Just as I had dismissed my dad’s assurances on my first removal, I brush aside the brother-in-law’s warning. He’s not used to these things the way we are, I think. I assume I’ve seen and touched and smelled the limits of the job’s gruesomeness. By the time we’ve walked the few paces to Carl’s front door, I know I’m wrong again. His windows and the door are shut, but what awaits us seeps out. At the first whiff my heart feels like it might come bursting through my armpit. Dad looks at me and says, “We’ll be okay.” When he opens Carl’s front door I have never smelled anything worse—imagine being waterboarded on the hottest day of summer with the maggoty brine dripping from the back of a garbage truck—and we’re still fifteen feet from the closed bedroom. We move to the back of the apartment, wheeling the stretcher, breathing through our jacket sleeves. We stop just outside his room. Dad and I don’t speak, but share a look. I know, in my eyes at least, there’s terror. How bad will it be in there? What will this guy look like? But there’s also an element of disbelief: Have our lives really brought us here? Is Dad the guy with a book of poems? Am I the kid who won a full ride to college a few years ago? A split second where the job’s simple awfulness brings into focus the downward trajectory of our circumstance.

When I was old enough to know the kind of place we lived in—blocks and blocks of brick row houses dotted occasionally with a brick factory or a stone church, and cut through by train tracks and highways—one of my favorite things Dad would do was drive the two of us along Snake Road, a stretch he called “the country in the city.” Only a mile from our house, Snake Road runs through woods, the only such break in our part of town. Every few months in these first years of my awareness of the world, he would wind us through the trees. Every time, as we came back into the grid of the neighborhood, it felt to me for a finger snap of a moment that we belonged to that wilderness more than we did to our house, and belonged to each other more than we did to my mother and sister inside it.

It’s time to open the bedroom door.
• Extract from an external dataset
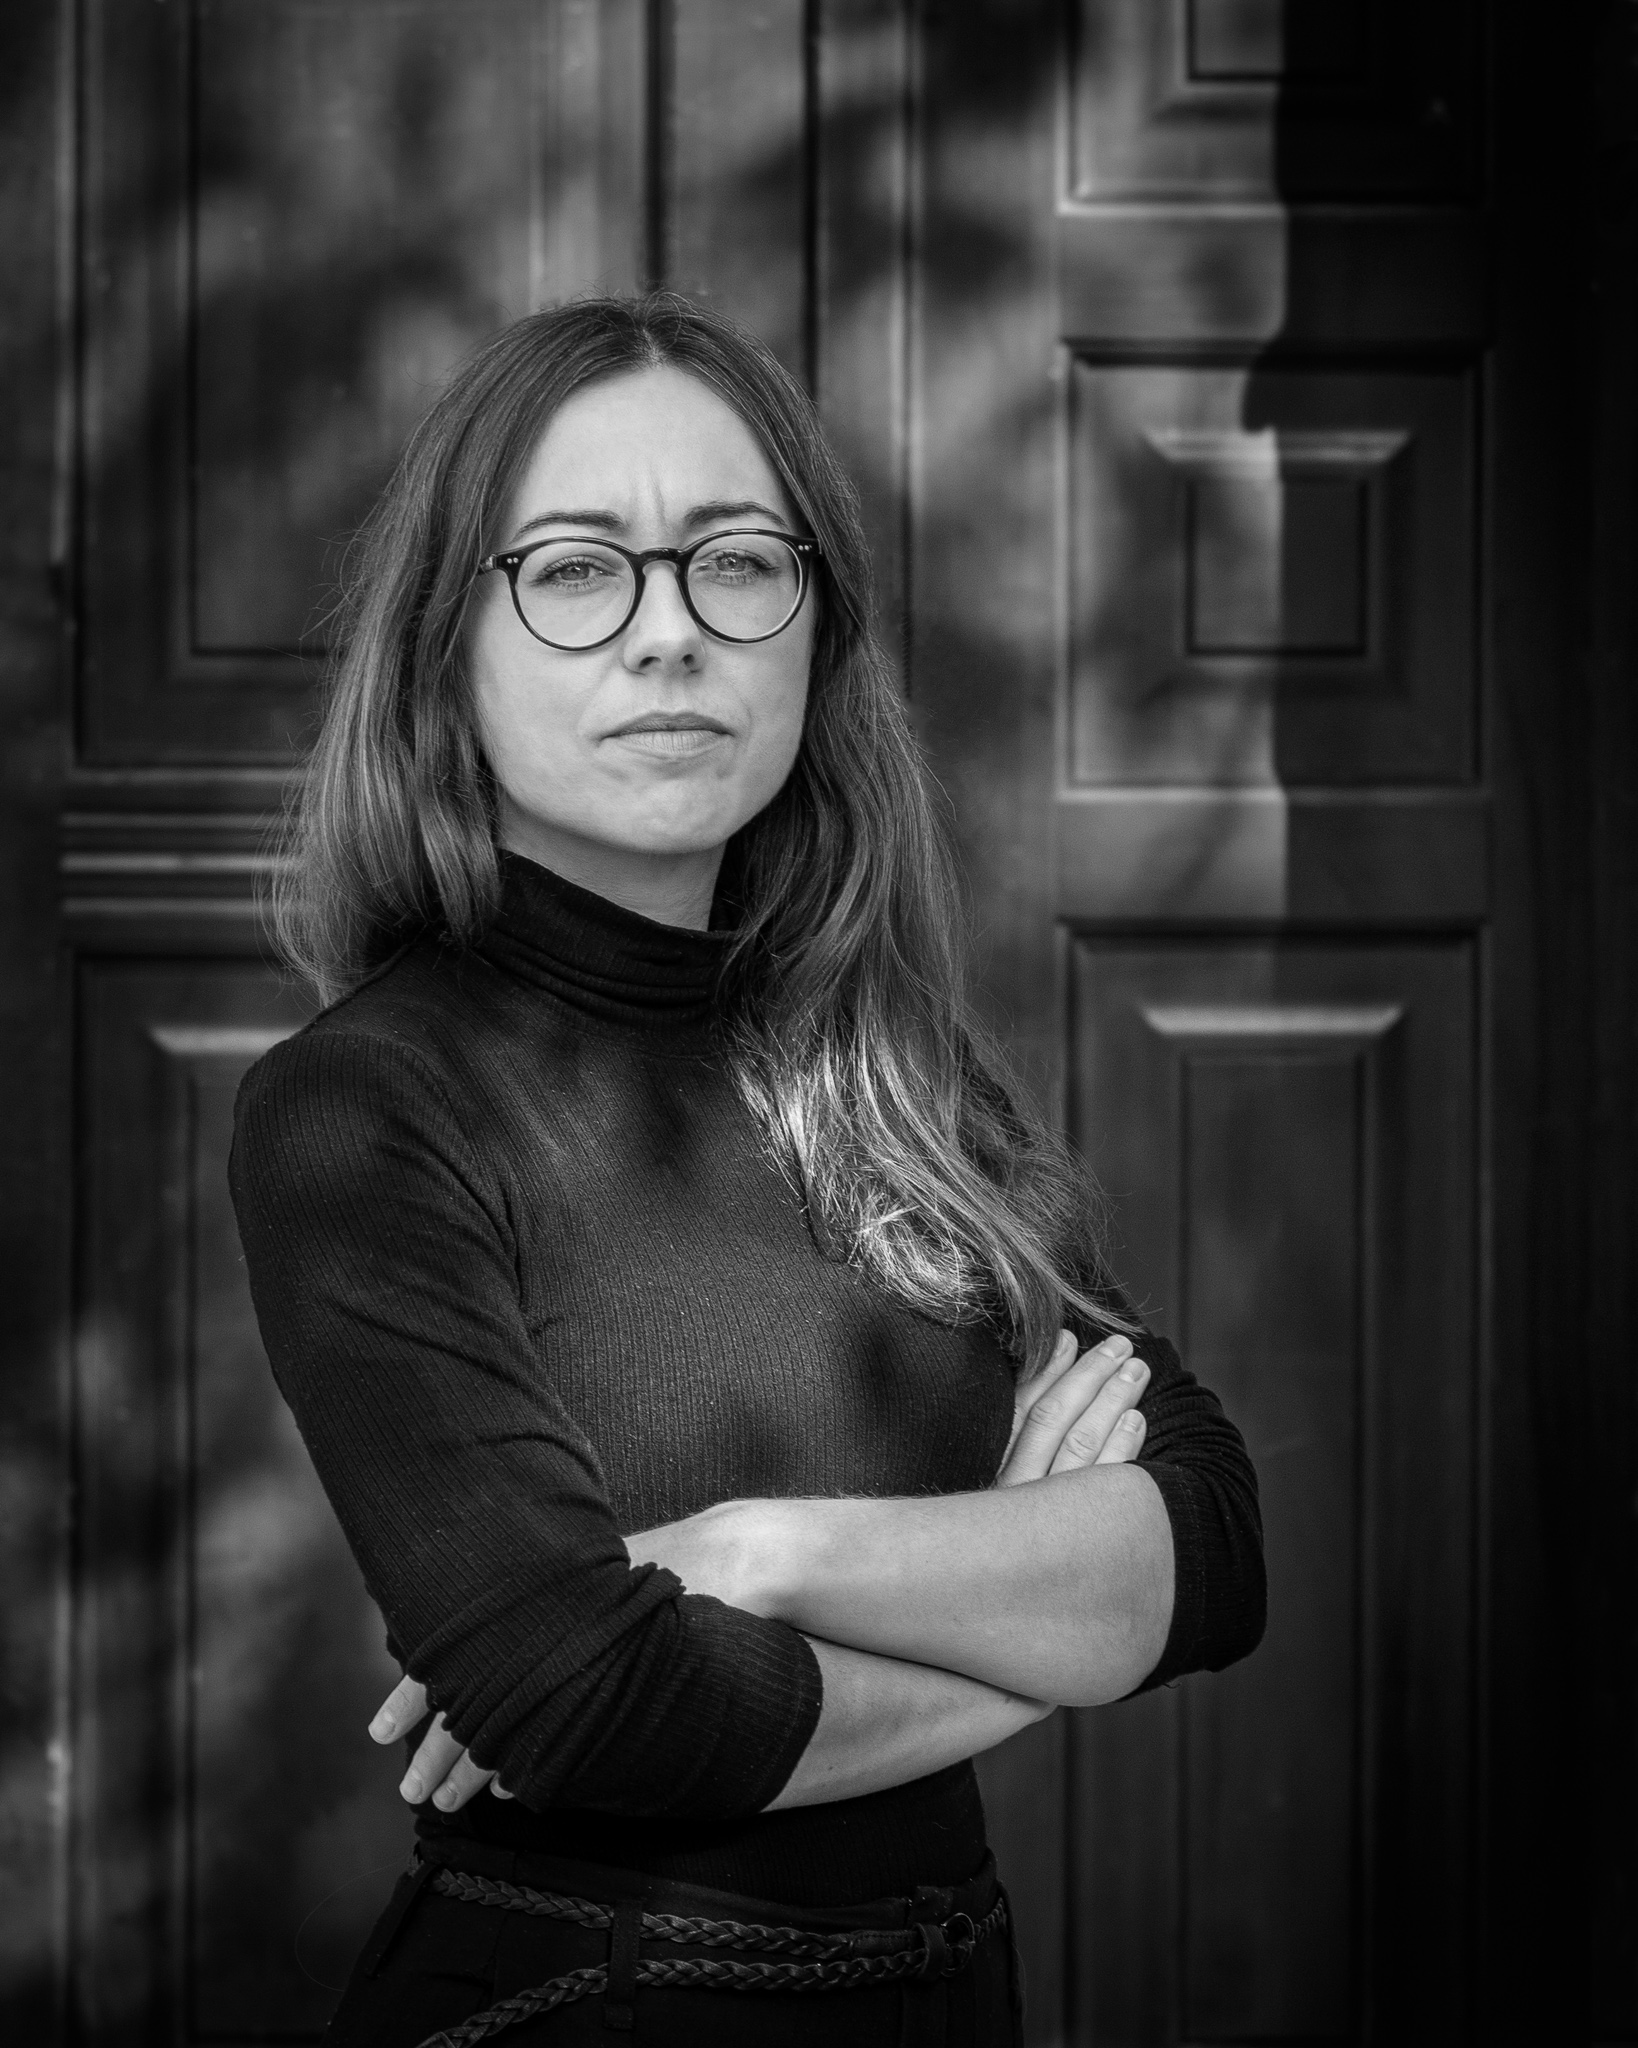 Aleksandra - Centrum Praw Kobiet

Never before have I felt anything as dreadful as what hits us when we enter. The windows are closed—his last night, probably at least a week before, must have been a cold one—so the stench surges at us like a crashing wave, coating our faces and rushing into our nostrils and mouths. My stomach closes like a fist, shoulders jump toward ears. My scalp tingles. The odor is an exponentially more putrid relative of late afternoon low tide, when the summer sun has spent a full day cooking the rotten gunk on the bay floor. But that is an inadequate comparison. In the context of a stale, dilapidated apartment building, Carl’s stink screams an urgent and violent disharmony. We smell death.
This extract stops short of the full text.